Submitted to: Nature Communications
Publication Type: Peer Reviewed Journal
Publication Acceptance Date: 8/21/2020
Publication Date: 8/29/2020
Citation: Guo, X., Gao, Q., Yuan, M., Wang, G., Zhou, X., Feng, J., Shi, Z., Hale, L.E., Wu, L., Zhou, A., Tian, R., Liu, F., Wu, B., Chen, L., Jung, C., Niu, S., Li, D., Xu, X., Jiang, L., Escalas, A., Wu, L., He, Z., Van Nostrand, J.D., Ning, D., Liu, X., Yang, Y., Schuur, E.A., Konstantinidis, K., Cole, J.R., Penton, C., Luo, Y., Tiedje, J.M., Zhou, J. 2020. Gene-informed decomposition model predicts lower soil carbon loss due to persistent microbial adaptation to warming. Nature Communications. 11. Article 4897. https://doi.org/10.1038/s41467-020-18706-z.

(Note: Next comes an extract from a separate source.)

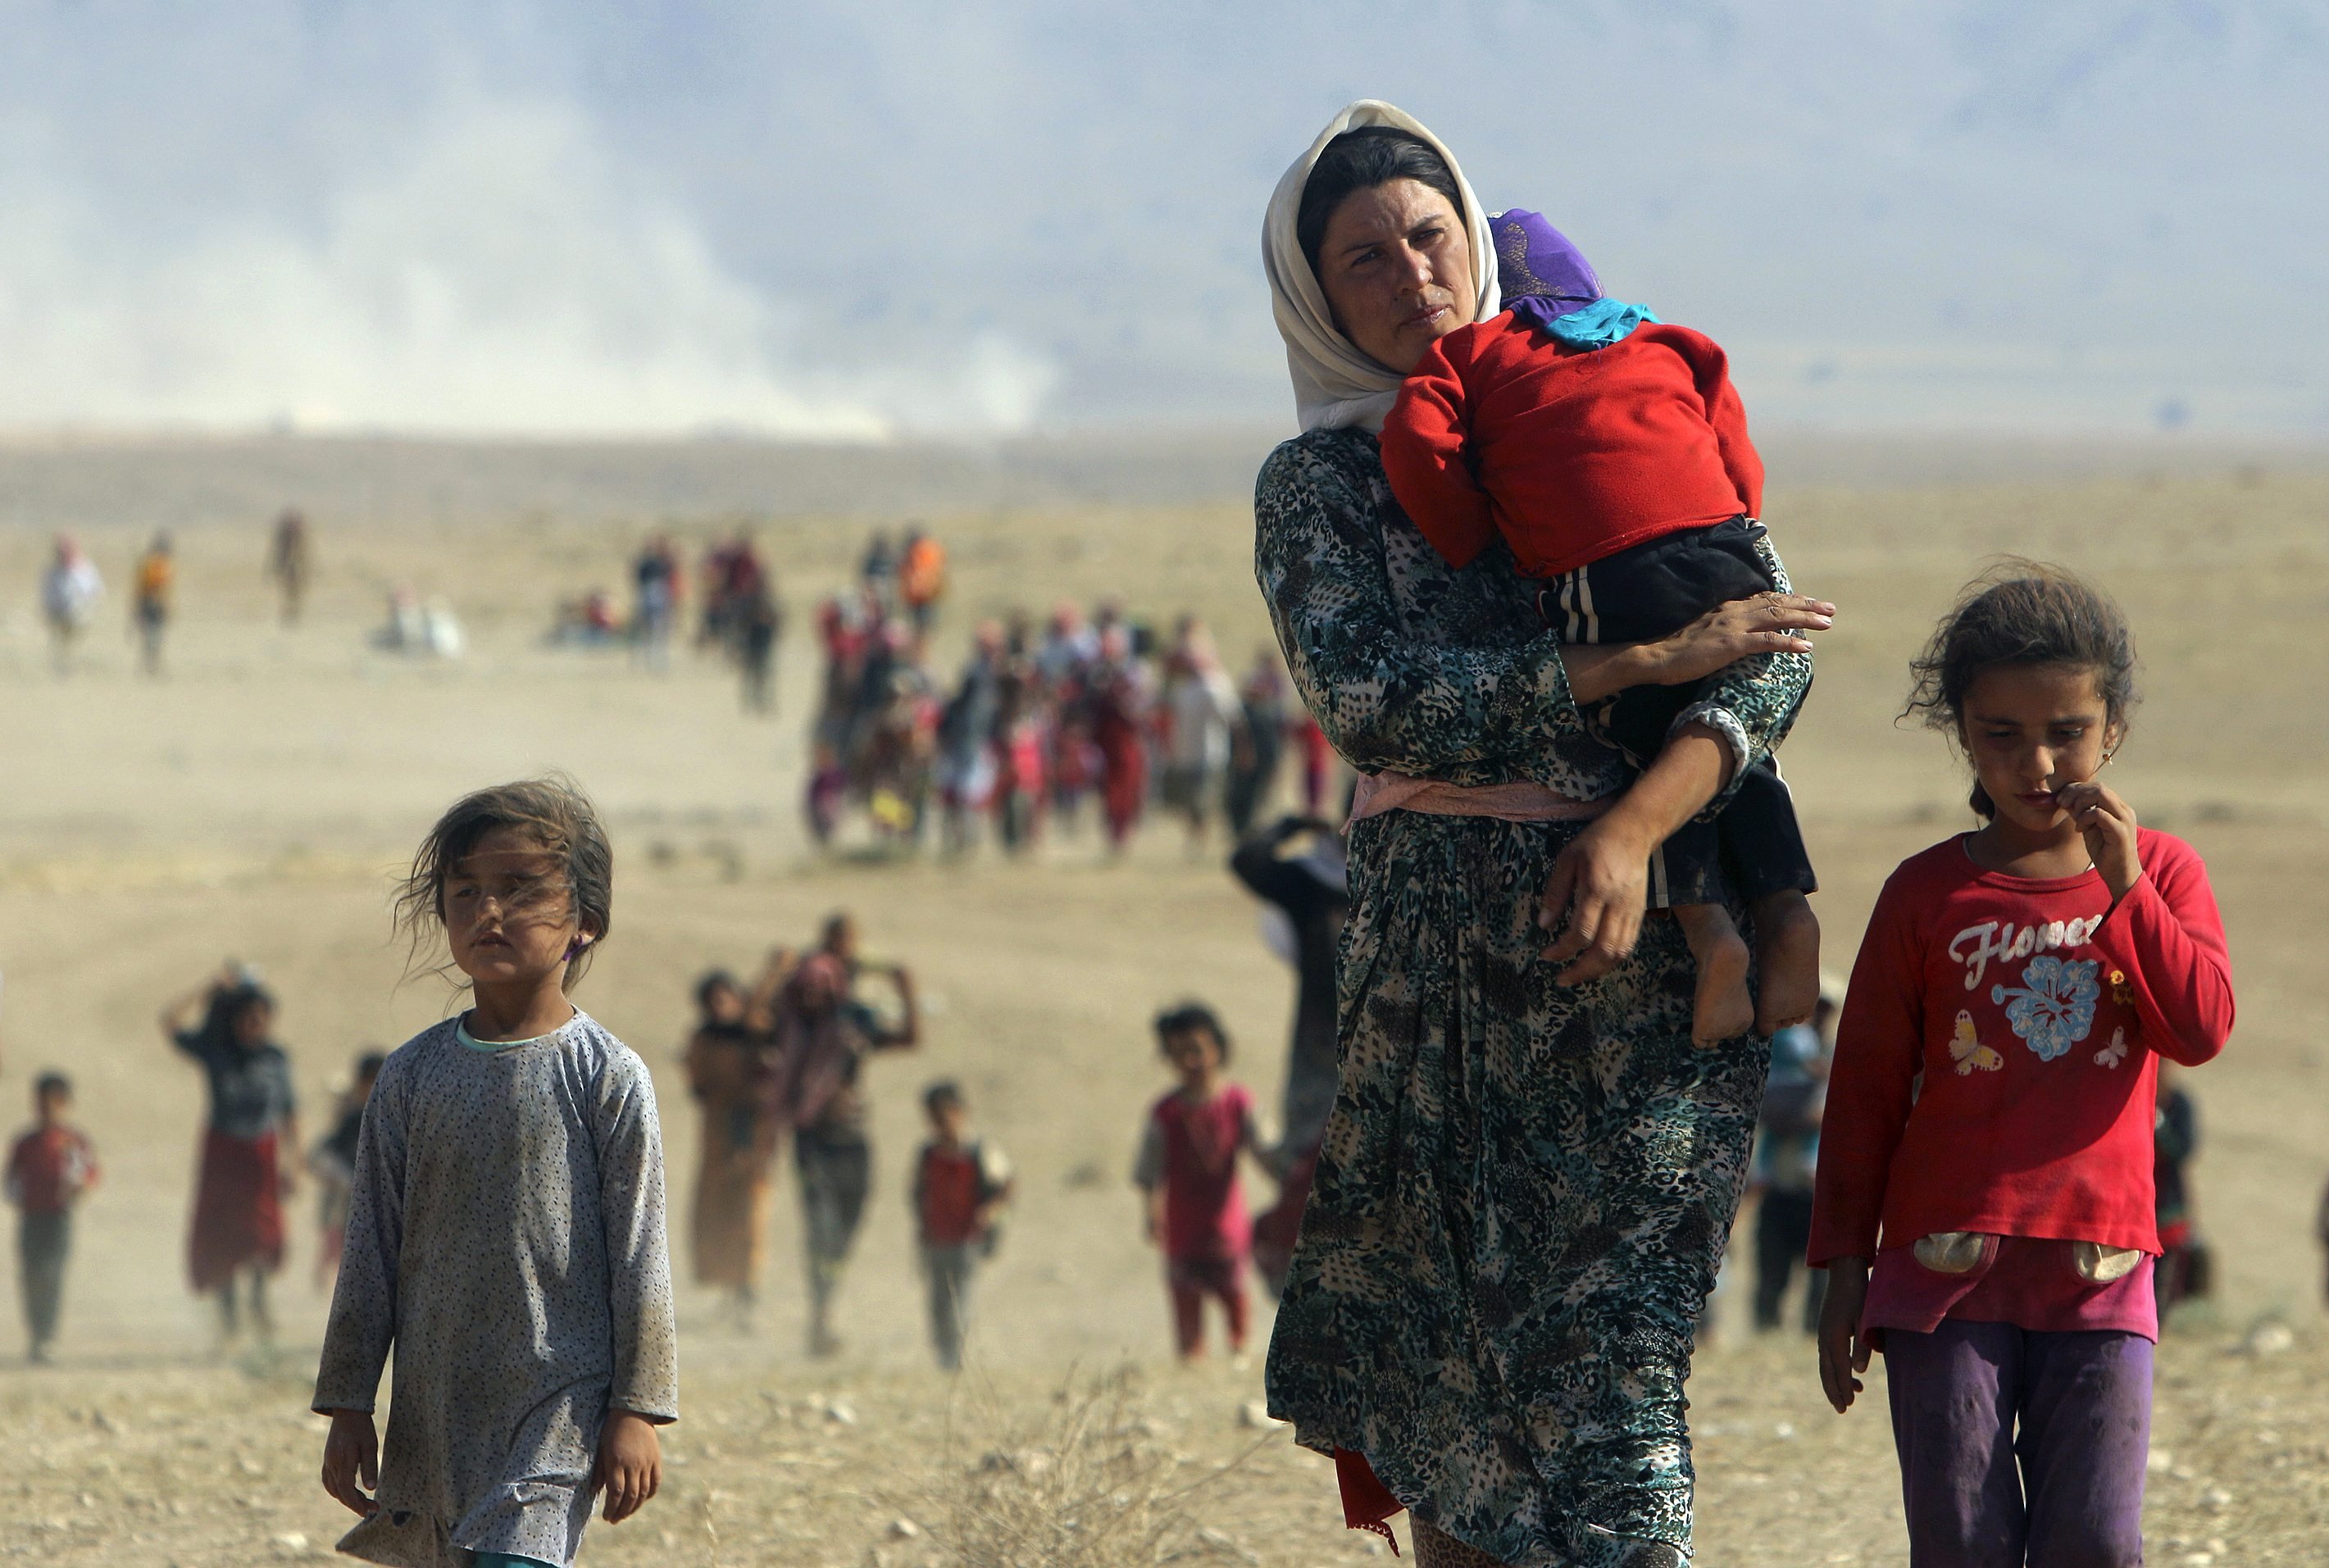 Displaced people from the minority Yazidi sect, fleeing violence from forces loyal to the Islamic State in Sinjar town, walk towards the Syrian border, on the outskirts of Sinjar mountain, near the Syrian border town of Elierbeh of Al-Hasakah Governorate on August 11, 2014.

DOI: https://doi.org/10.1038/s41467-020-18706-z

Interpretive Summary: Microbial decomposition rates of soil organic carbon (SOC) and litter (i.e. heterotrophic respiration) have shown short-term increases in response to warmer temperatures, which if persistent on a grand scale, could greatly enhance greenhouse gas emissions and provide a net positive feedback to climate warming. This 7-year study revealed that thermal adaptation of heterotrophic respiration dampened this response and was attributed to shifts in microbial community structure and soil moisture losses. Incorporating relative abundances of microbial genes involved in SOC decomposition into Earth Systems Models improved accuracy and reduced uncertainty. This enhanced model should be assessed across wider biomes to evaluate its suitability to improve prediction accuracy of ecosystem feedbacks to climate warming.

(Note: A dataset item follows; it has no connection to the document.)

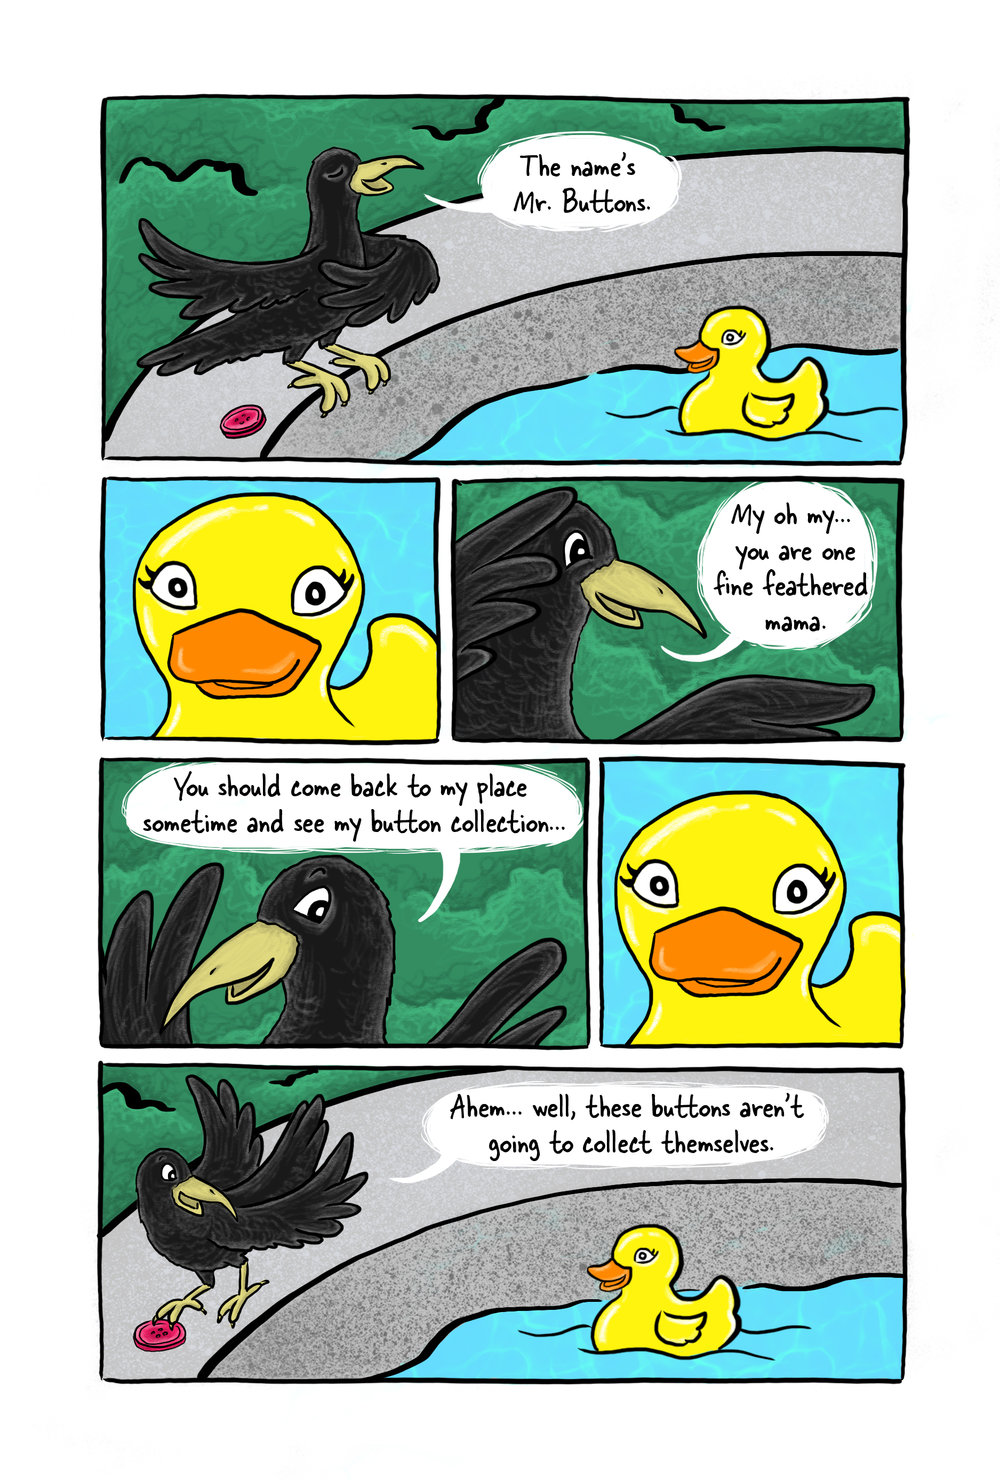 Page 2 Mr. Buttons introduces himself to the duck, who he thinks is real

Technical Abstract: Soil microbial respiration is an important source of uncertainty in projecting future climate and carbon (C) cycle feedbacks. However, its feedbacks to climate warming and underlying microbial mechanisms are still poorly understood. Here we show that the temperature sensitivity of soil microbial respiration (e.g., Q10) in a temperate grassland ecosystem persistently decreases by 12.0±3.7% across 7 years of warming. Also, the shifts of microbial communities play critical roles in regulating thermal adaptation of soil respiration. Incorporating microbial functional gene abundance data into a microbially-enabled ecosystem model significantly improves the modeling performance of soil microbial respiration by 5–19%, and reduces model parametric uncertainty by 55–71%. In addition, modeling analyses show that the microbial thermal adaptation can lead to considerably less heterotrophic respiration (11.6±7.5%), and hence less soil C loss. If such microbially mediated dampening effects occur generally across different spatial and temporal scales, the potential positive feedback of soil microbial respiration in response to climate warming may be less than previously predicted.